Top of Input data

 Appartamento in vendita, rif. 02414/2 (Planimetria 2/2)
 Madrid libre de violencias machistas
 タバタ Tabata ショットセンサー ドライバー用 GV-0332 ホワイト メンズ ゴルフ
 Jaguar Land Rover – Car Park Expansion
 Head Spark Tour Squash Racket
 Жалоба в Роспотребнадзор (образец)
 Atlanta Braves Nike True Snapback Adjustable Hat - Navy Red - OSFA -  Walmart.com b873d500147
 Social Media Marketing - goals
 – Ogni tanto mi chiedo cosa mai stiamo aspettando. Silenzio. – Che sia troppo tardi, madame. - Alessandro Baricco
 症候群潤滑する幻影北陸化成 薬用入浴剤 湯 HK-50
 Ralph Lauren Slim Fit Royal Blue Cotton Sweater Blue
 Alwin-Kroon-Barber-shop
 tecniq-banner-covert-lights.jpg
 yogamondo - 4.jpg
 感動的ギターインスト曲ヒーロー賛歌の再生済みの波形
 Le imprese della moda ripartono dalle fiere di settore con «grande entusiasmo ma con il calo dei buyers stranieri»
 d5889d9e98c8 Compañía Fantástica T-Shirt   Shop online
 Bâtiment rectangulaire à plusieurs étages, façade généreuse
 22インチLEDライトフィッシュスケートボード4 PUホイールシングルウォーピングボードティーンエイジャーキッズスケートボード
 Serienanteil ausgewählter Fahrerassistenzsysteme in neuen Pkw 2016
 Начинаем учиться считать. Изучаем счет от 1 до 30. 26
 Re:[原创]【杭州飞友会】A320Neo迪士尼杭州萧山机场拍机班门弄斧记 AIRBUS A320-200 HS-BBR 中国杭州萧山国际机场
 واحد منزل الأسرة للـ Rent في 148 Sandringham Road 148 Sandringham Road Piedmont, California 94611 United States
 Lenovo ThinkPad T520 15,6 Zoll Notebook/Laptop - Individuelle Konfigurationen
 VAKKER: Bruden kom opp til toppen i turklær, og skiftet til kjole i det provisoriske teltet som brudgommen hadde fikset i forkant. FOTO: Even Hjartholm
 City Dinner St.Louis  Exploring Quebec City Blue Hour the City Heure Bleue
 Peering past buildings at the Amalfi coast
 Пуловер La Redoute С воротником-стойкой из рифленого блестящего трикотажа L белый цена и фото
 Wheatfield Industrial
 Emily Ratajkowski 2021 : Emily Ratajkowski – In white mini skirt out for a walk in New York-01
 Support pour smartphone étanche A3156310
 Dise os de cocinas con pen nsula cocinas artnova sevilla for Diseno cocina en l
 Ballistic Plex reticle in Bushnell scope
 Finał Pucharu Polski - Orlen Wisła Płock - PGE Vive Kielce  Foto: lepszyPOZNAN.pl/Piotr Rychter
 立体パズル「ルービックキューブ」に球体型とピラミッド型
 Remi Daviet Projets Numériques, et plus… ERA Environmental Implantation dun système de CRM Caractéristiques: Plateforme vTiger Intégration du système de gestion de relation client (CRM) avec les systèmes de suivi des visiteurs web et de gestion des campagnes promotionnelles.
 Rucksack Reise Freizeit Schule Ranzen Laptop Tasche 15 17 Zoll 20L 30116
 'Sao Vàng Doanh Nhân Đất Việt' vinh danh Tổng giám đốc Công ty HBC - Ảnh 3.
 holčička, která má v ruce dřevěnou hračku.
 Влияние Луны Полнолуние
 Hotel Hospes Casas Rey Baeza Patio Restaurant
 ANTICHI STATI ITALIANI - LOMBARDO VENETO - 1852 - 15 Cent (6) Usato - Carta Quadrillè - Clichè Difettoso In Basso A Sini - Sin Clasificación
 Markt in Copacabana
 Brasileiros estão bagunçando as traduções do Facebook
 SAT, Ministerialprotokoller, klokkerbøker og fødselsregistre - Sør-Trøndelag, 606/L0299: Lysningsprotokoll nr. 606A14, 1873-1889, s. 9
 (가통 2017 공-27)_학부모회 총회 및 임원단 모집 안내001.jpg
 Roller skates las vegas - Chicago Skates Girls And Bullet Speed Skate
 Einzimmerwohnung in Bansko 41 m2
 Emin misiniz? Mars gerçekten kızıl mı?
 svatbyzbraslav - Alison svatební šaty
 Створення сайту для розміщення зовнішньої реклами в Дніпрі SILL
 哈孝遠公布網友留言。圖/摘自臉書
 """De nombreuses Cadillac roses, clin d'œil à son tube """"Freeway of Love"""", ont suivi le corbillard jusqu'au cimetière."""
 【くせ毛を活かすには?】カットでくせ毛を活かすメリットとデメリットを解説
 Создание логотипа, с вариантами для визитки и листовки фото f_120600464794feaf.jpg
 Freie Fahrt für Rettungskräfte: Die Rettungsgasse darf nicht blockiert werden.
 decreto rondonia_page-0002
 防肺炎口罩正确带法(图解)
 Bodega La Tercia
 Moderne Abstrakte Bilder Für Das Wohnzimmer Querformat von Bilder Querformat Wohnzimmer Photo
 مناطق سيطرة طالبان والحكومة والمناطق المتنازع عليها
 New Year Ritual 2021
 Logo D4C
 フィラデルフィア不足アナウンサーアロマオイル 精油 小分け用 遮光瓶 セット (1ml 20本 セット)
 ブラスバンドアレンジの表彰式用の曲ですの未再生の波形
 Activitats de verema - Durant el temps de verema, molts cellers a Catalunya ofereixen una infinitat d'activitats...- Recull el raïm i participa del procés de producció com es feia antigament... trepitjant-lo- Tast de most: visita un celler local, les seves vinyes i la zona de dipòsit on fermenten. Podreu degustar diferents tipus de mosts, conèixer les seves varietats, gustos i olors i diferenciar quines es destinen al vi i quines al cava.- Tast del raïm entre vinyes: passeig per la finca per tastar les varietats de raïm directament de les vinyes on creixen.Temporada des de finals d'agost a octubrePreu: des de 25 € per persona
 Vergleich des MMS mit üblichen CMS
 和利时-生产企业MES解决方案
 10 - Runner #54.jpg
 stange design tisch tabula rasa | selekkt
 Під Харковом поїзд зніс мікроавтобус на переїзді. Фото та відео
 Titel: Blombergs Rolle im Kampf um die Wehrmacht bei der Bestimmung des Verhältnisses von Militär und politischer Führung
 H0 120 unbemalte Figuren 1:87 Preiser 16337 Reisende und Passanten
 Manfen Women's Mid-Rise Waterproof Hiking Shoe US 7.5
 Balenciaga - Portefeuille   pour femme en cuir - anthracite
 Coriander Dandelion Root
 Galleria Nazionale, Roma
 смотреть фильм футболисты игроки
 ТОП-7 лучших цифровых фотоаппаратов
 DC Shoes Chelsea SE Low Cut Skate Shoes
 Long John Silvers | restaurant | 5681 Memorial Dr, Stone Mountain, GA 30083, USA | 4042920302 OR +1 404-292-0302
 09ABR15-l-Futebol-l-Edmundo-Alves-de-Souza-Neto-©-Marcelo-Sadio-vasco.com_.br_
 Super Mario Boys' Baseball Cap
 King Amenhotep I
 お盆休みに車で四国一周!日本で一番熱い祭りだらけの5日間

Bottom of Input data

What needs to be done:
Produce a verbatim copy of all the material.

Result of the exercise:
 Appartamento in vendita, rif. 02414/2 (Planimetria 2/2)
 Madrid libre de violencias machistas
 タバタ Tabata ショットセンサー ドライバー用 GV-0332 ホワイト メンズ ゴルフ
 Jaguar Land Rover – Car Park Expansion
 Head Spark Tour Squash Racket
 Жалоба в Роспотребнадзор (образец)
 Atlanta Braves Nike True Snapback Adjustable Hat - Navy Red - OSFA -  Walmart.com b873d500147
 Social Media Marketing - goals
 – Ogni tanto mi chiedo cosa mai stiamo aspettando. Silenzio. – Che sia troppo tardi, madame. - Alessandro Baricco
 症候群潤滑する幻影北陸化成 薬用入浴剤 湯 HK-50
 Ralph Lauren Slim Fit Royal Blue Cotton Sweater Blue
 Alwin-Kroon-Barber-shop
 tecniq-banner-covert-lights.jpg
 yogamondo - 4.jpg
 感動的ギターインスト曲ヒーロー賛歌の再生済みの波形
 Le imprese della moda ripartono dalle fiere di settore con «grande entusiasmo ma con il calo dei buyers stranieri»
 d5889d9e98c8 Compañía Fantástica T-Shirt   Shop online
 Bâtiment rectangulaire à plusieurs étages, façade généreuse
 22インチLEDライトフィッシュスケートボード4 PUホイールシングルウォーピングボードティーンエイジャーキッズスケートボード
 Serienanteil ausgewählter Fahrerassistenzsysteme in neuen Pkw 2016
 Начинаем учиться считать. Изучаем счет от 1 до 30. 26
 Re:[原创]【杭州飞友会】A320Neo迪士尼杭州萧山机场拍机班门弄斧记 AIRBUS A320-200 HS-BBR 中国杭州萧山国际机场
 واحد منزل الأسرة للـ Rent في 148 Sandringham Road 148 Sandringham Road Piedmont, California 94611 United States
 Lenovo ThinkPad T520 15,6 Zoll Notebook/Laptop - Individuelle Konfigurationen
 VAKKER: Bruden kom opp til toppen i turklær, og skiftet til kjole i det provisoriske teltet som brudgommen hadde fikset i forkant. FOTO: Even Hjartholm
 City Dinner St.Louis  Exploring Quebec City Blue Hour the City Heure Bleue
 Peering past buildings at the Amalfi coast
 Пуловер La Redoute С воротником-стойкой из рифленого блестящего трикотажа L белый цена и фото
 Wheatfield Industrial
 Emily Ratajkowski 2021 : Emily Ratajkowski – In white mini skirt out for a walk in New York-01
 Support pour smartphone étanche A3156310
 Dise os de cocinas con pen nsula cocinas artnova sevilla for Diseno cocina en l
 Ballistic Plex reticle in Bushnell scope
 Finał Pucharu Polski - Orlen Wisła Płock - PGE Vive Kielce  Foto: lepszyPOZNAN.pl/Piotr Rychter
 立体パズル「ルービックキューブ」に球体型とピラミッド型
 Remi Daviet Projets Numériques, et plus… ERA Environmental Implantation dun système de CRM Caractéristiques: Plateforme vTiger Intégration du système de gestion de relation client (CRM) avec les systèmes de suivi des visiteurs web et de gestion des campagnes promotionnelles.
 Rucksack Reise Freizeit Schule Ranzen Laptop Tasche 15 17 Zoll 20L 30116
 'Sao Vàng Doanh Nhân Đất Việt' vinh danh Tổng giám đốc Công ty HBC - Ảnh 3.
 holčička, která má v ruce dřevěnou hračku.
 Влияние Луны Полнолуние
 Hotel Hospes Casas Rey Baeza Patio Restaurant
 ANTICHI STATI ITALIANI - LOMBARDO VENETO - 1852 - 15 Cent (6) Usato - Carta Quadrillè - Clichè Difettoso In Basso A Sini - Sin Clasificación
 Markt in Copacabana
 Brasileiros estão bagunçando as traduções do Facebook
 SAT, Ministerialprotokoller, klokkerbøker og fødselsregistre - Sør-Trøndelag, 606/L0299: Lysningsprotokoll nr. 606A14, 1873-1889, s. 9
 (가통 2017 공-27)_학부모회 총회 및 임원단 모집 안내001.jpg
 Roller skates las vegas - Chicago Skates Girls And Bullet Speed Skate
 Einzimmerwohnung in Bansko 41 m2
 Emin misiniz? Mars gerçekten kızıl mı?
 svatbyzbraslav - Alison svatební šaty
 Створення сайту для розміщення зовнішньої реклами в Дніпрі SILL
 哈孝遠公布網友留言。圖/摘自臉書
 """De nombreuses Cadillac roses, clin d'œil à son tube """"Freeway of Love"""", ont suivi le corbillard jusqu'au cimetière."""
 【くせ毛を活かすには?】カットでくせ毛を活かすメリットとデメリットを解説
 Создание логотипа, с вариантами для визитки и листовки фото f_120600464794feaf.jpg
 Freie Fahrt für Rettungskräfte: Die Rettungsgasse darf nicht blockiert werden.
 decreto rondonia_page-0002
 防肺炎口罩正确带法(图解)
 Bodega La Tercia
 Moderne Abstrakte Bilder Für Das Wohnzimmer Querformat von Bilder Querformat Wohnzimmer Photo
 مناطق سيطرة طالبان والحكومة والمناطق المتنازع عليها
 New Year Ritual 2021
 Logo D4C
 フィラデルフィア不足アナウンサーアロマオイル 精油 小分け用 遮光瓶 セット (1ml 20本 セット)
 ブラスバンドアレンジの表彰式用の曲ですの未再生の波形
 Activitats de verema - Durant el temps de verema, molts cellers a Catalunya ofereixen una infinitat d'activitats...- Recull el raïm i participa del procés de producció com es feia antigament... trepitjant-lo- Tast de most: visita un celler local, les seves vinyes i la zona de dipòsit on fermenten. Podreu degustar diferents tipus de mosts, conèixer les seves varietats, gustos i olors i diferenciar quines es destinen al vi i quines al cava.- Tast del raïm entre vinyes: passeig per la finca per tastar les varietats de raïm directament de les vinyes on creixen.Temporada des de finals d'agost a octubrePreu: des de 25 € per persona
 Vergleich des MMS mit üblichen CMS
 和利时-生产企业MES解决方案
 10 - Runner #54.jpg
 stange design tisch tabula rasa | selekkt
 Під Харковом поїзд зніс мікроавтобус на переїзді. Фото та відео
 Titel: Blombergs Rolle im Kampf um die Wehrmacht bei der Bestimmung des Verhältnisses von Militär und politischer Führung
 H0 120 unbemalte Figuren 1:87 Preiser 16337 Reisende und Passanten
 Manfen Women's Mid-Rise Waterproof Hiking Shoe US 7.5
 Balenciaga - Portefeuille   pour femme en cuir - anthracite
 Coriander Dandelion Root
 Galleria Nazionale, Roma
 смотреть фильм футболисты игроки
 ТОП-7 лучших цифровых фотоаппаратов
 DC Shoes Chelsea SE Low Cut Skate Shoes
 Long John Silvers | restaurant | 5681 Memorial Dr, Stone Mountain, GA 30083, USA | 4042920302 OR +1 404-292-0302
 09ABR15-l-Futebol-l-Edmundo-Alves-de-Souza-Neto-©-Marcelo-Sadio-vasco.com_.br_
 Super Mario Boys' Baseball Cap
 King Amenhotep I
 お盆休みに車で四国一周!日本で一番熱い祭りだらけの5日間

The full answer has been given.